## Description of the task
The answer must be the full data, restated word for word, with no pictures in it.

## Supplied data
::::::::::

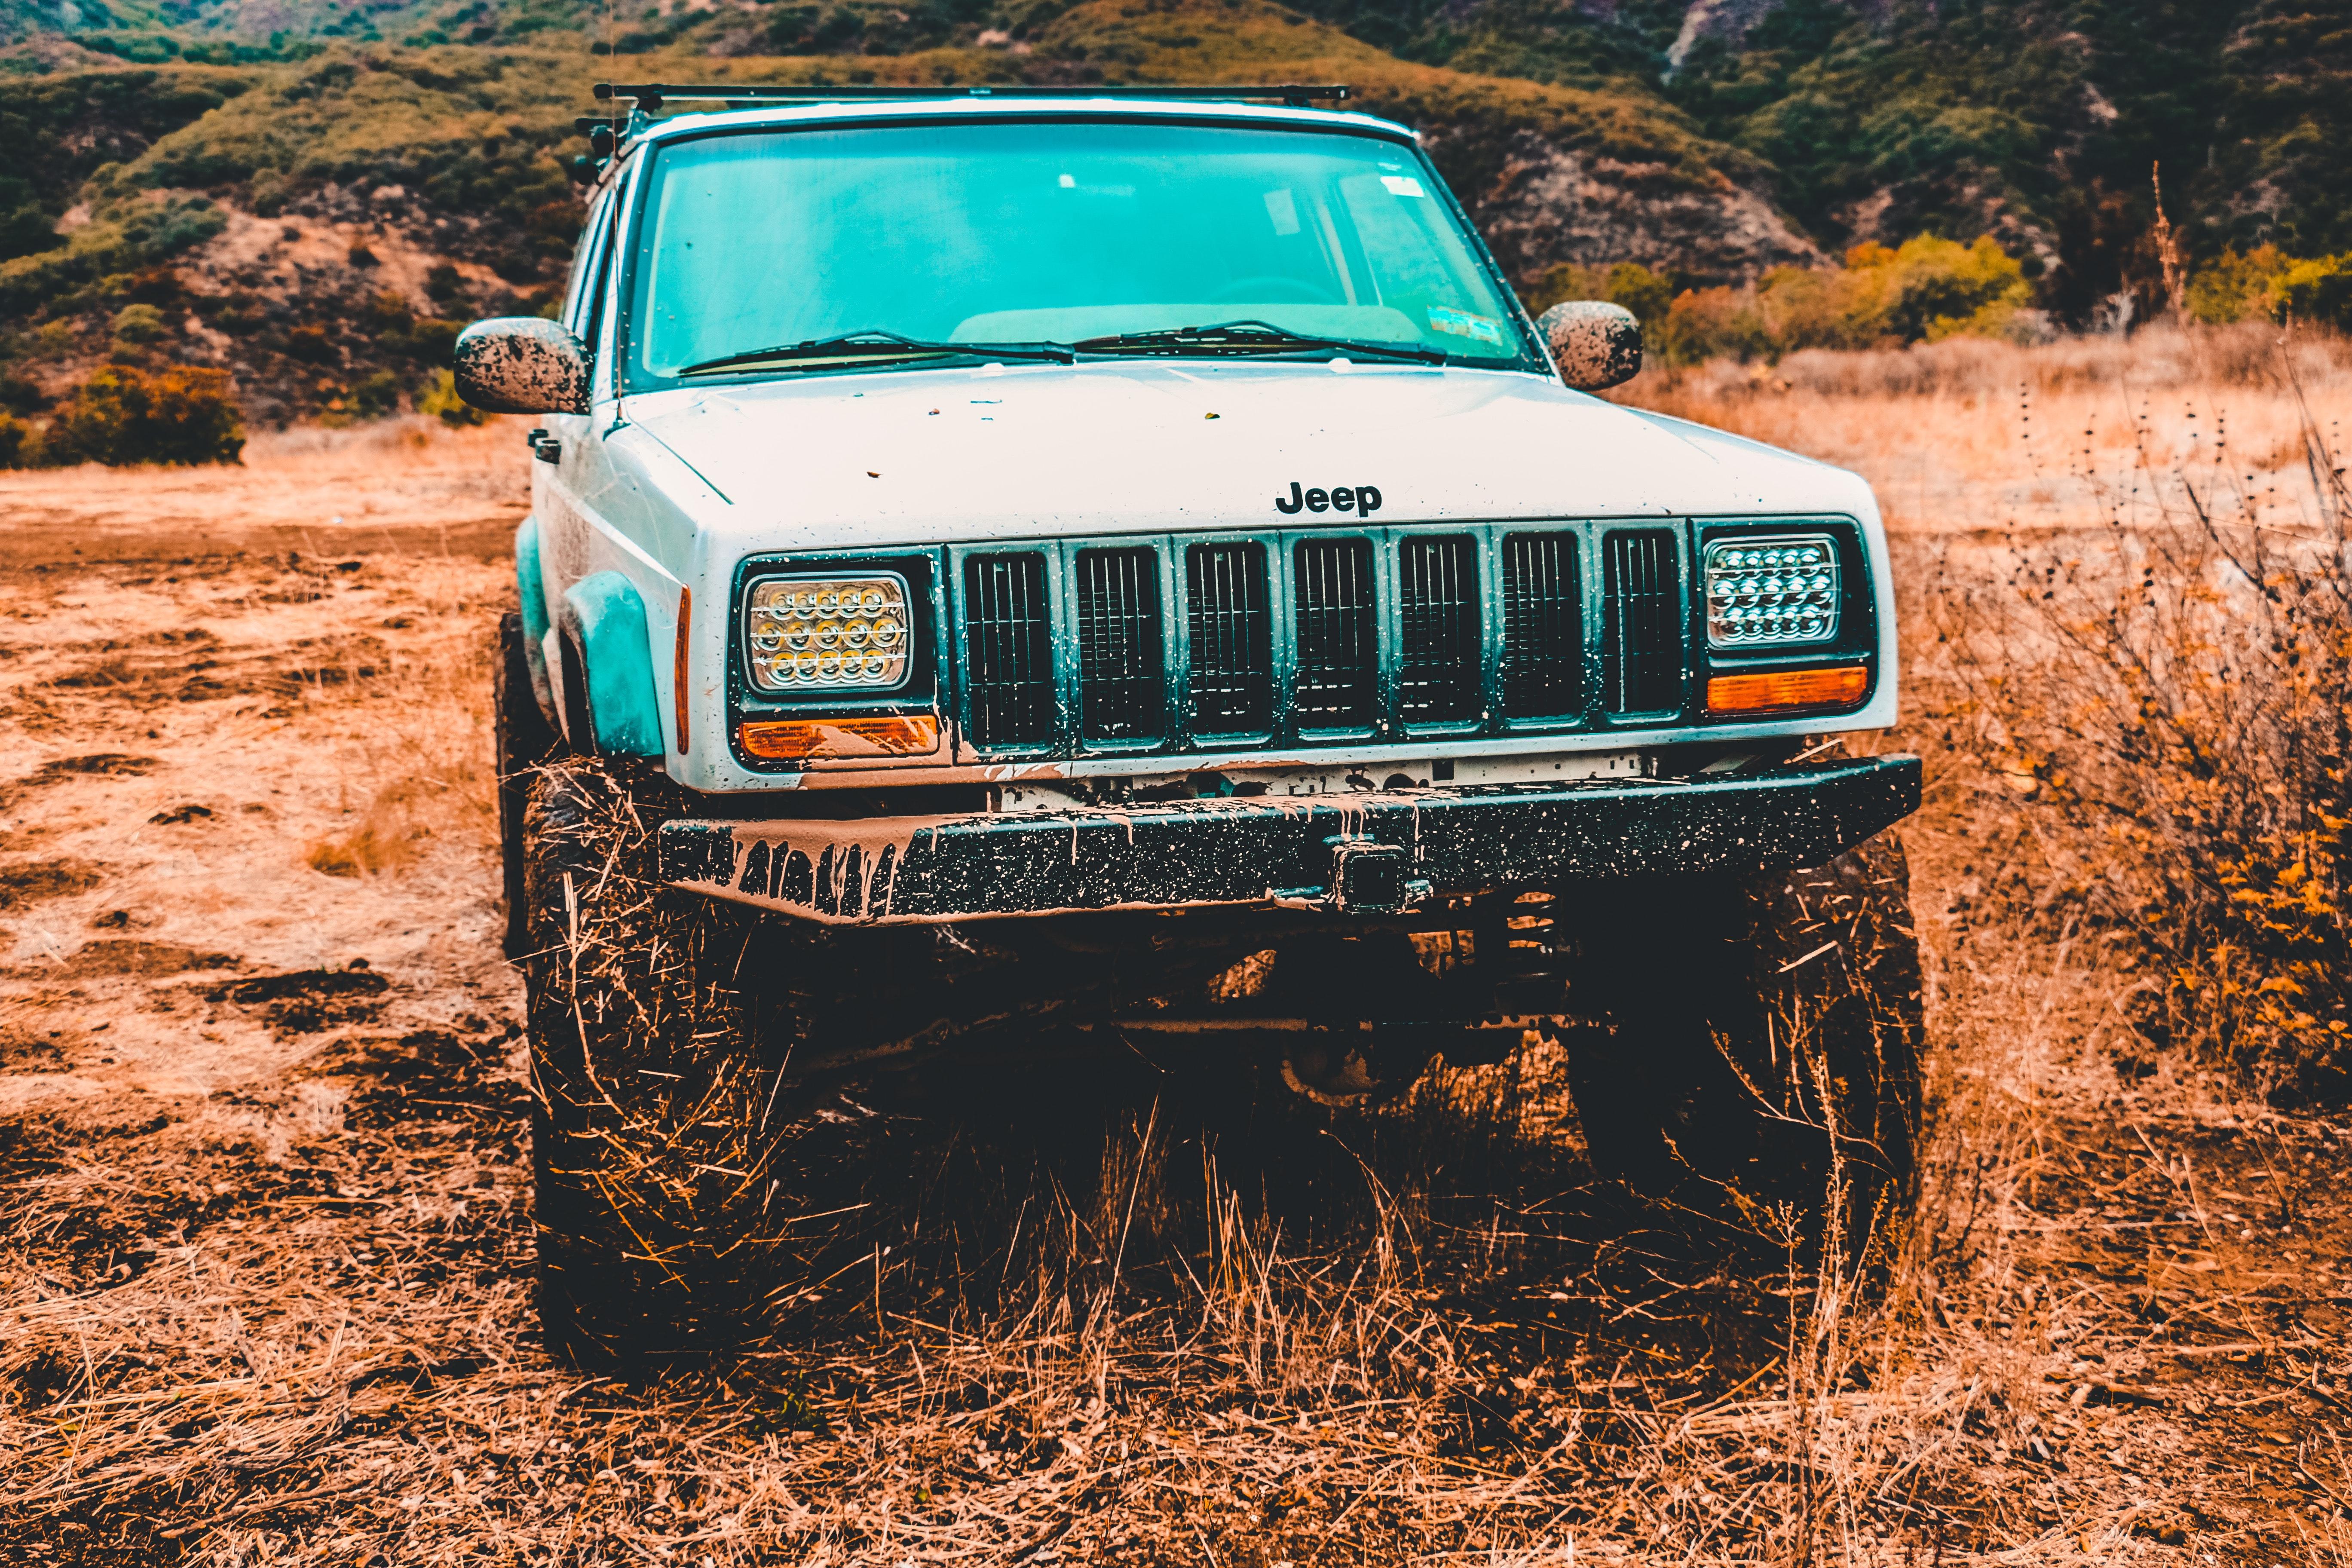 Gray Jeep Suv, Adventure, Landscape, Trees, Transportation system, HQ Photo
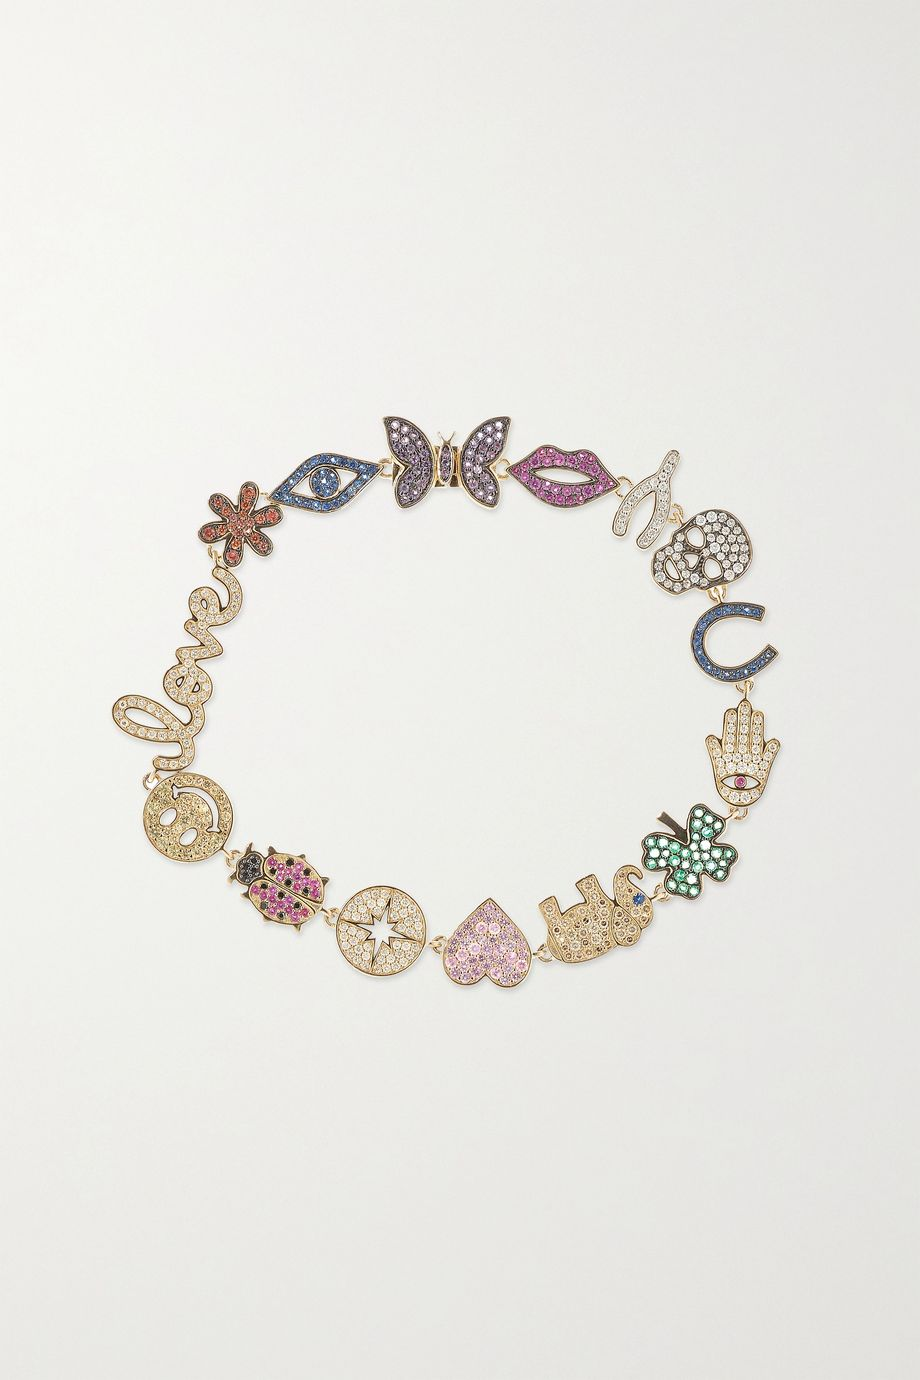 Sydney Evan 14-karat gold, diamond and sapphire bracelet
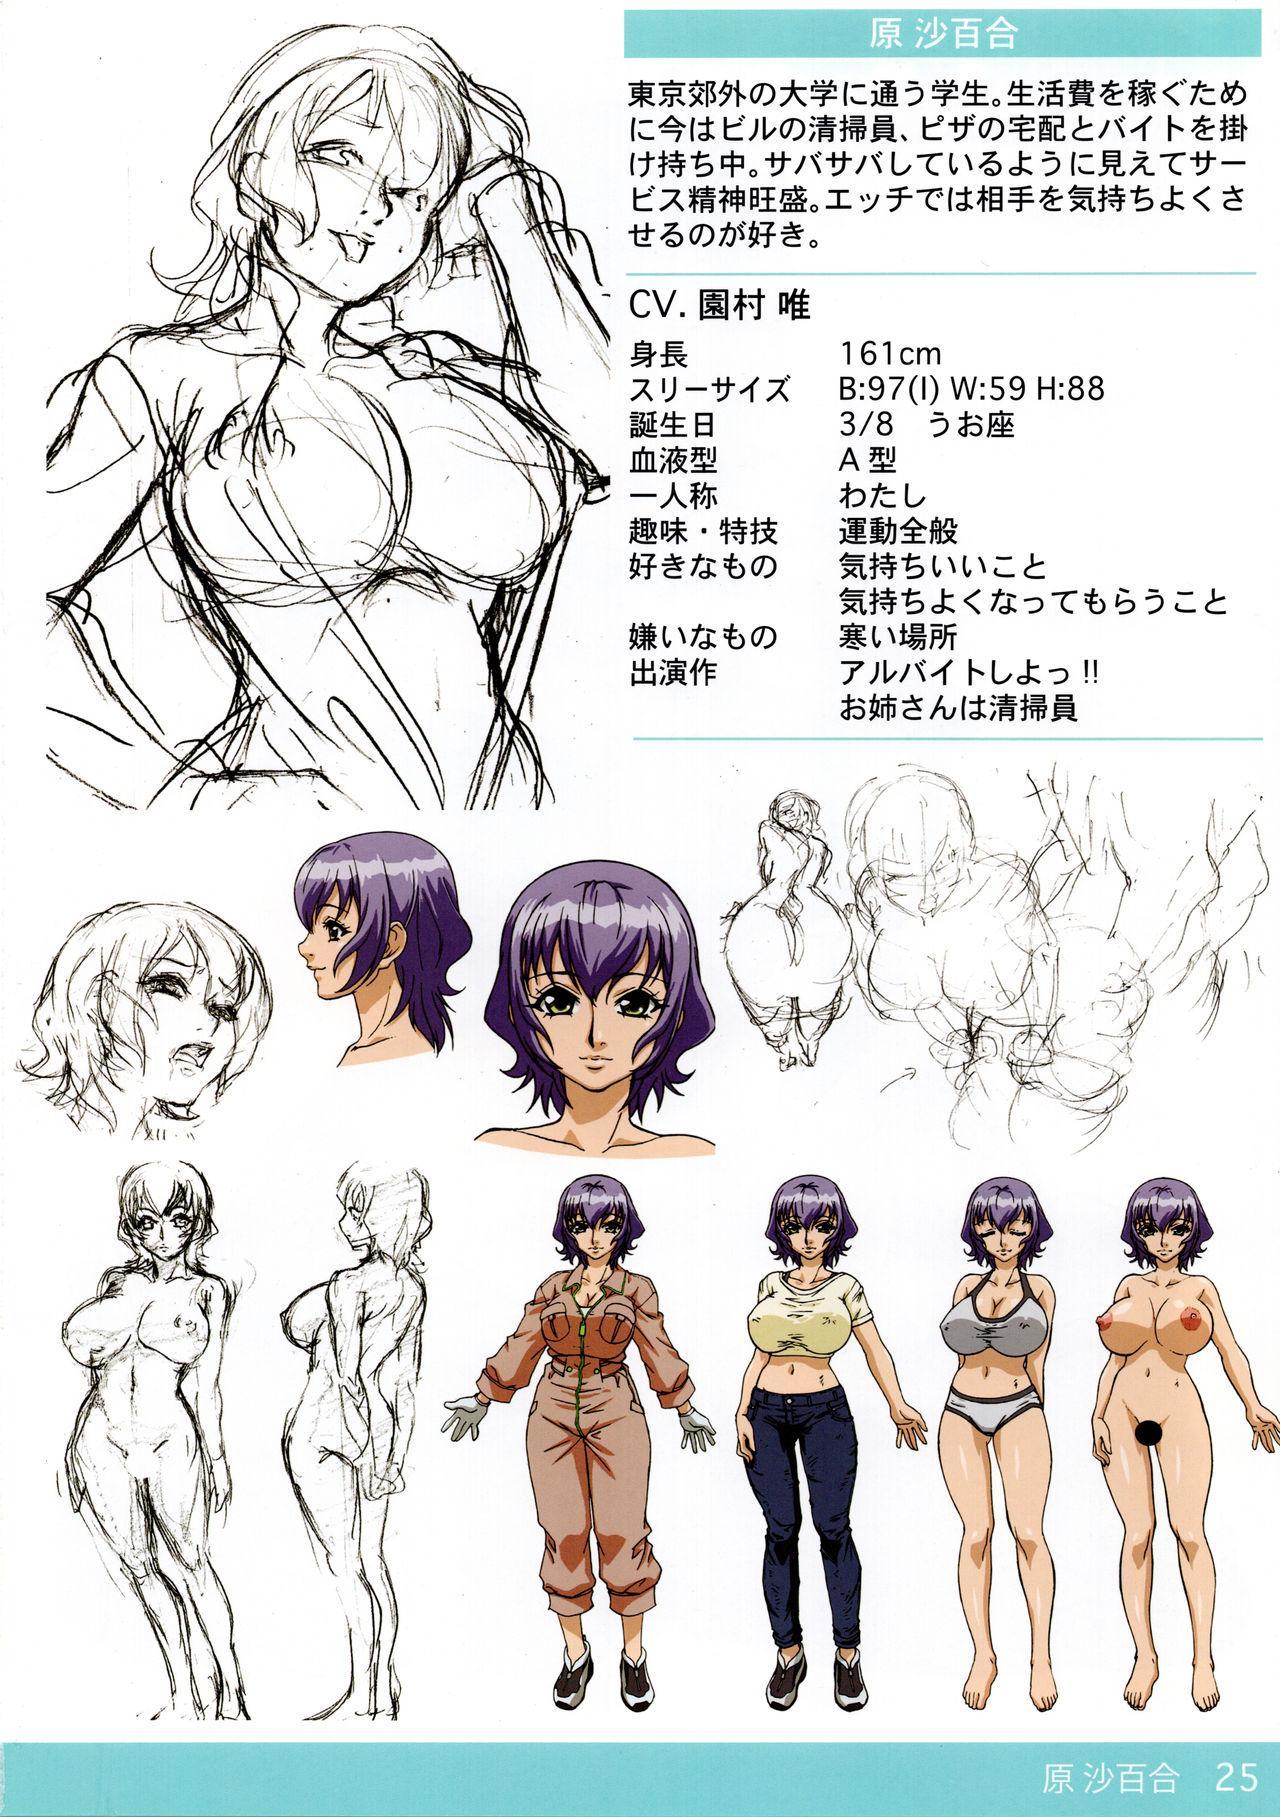 Chichinoya Gashuu 23

::::::::::

## Written solution
 Gray Jeep Suv, Adventure, Landscape, Trees, Transportation system, HQ Photo
 Sydney Evan 14-karat gold, diamond and sapphire bracelet
 Chichinoya Gashuu 23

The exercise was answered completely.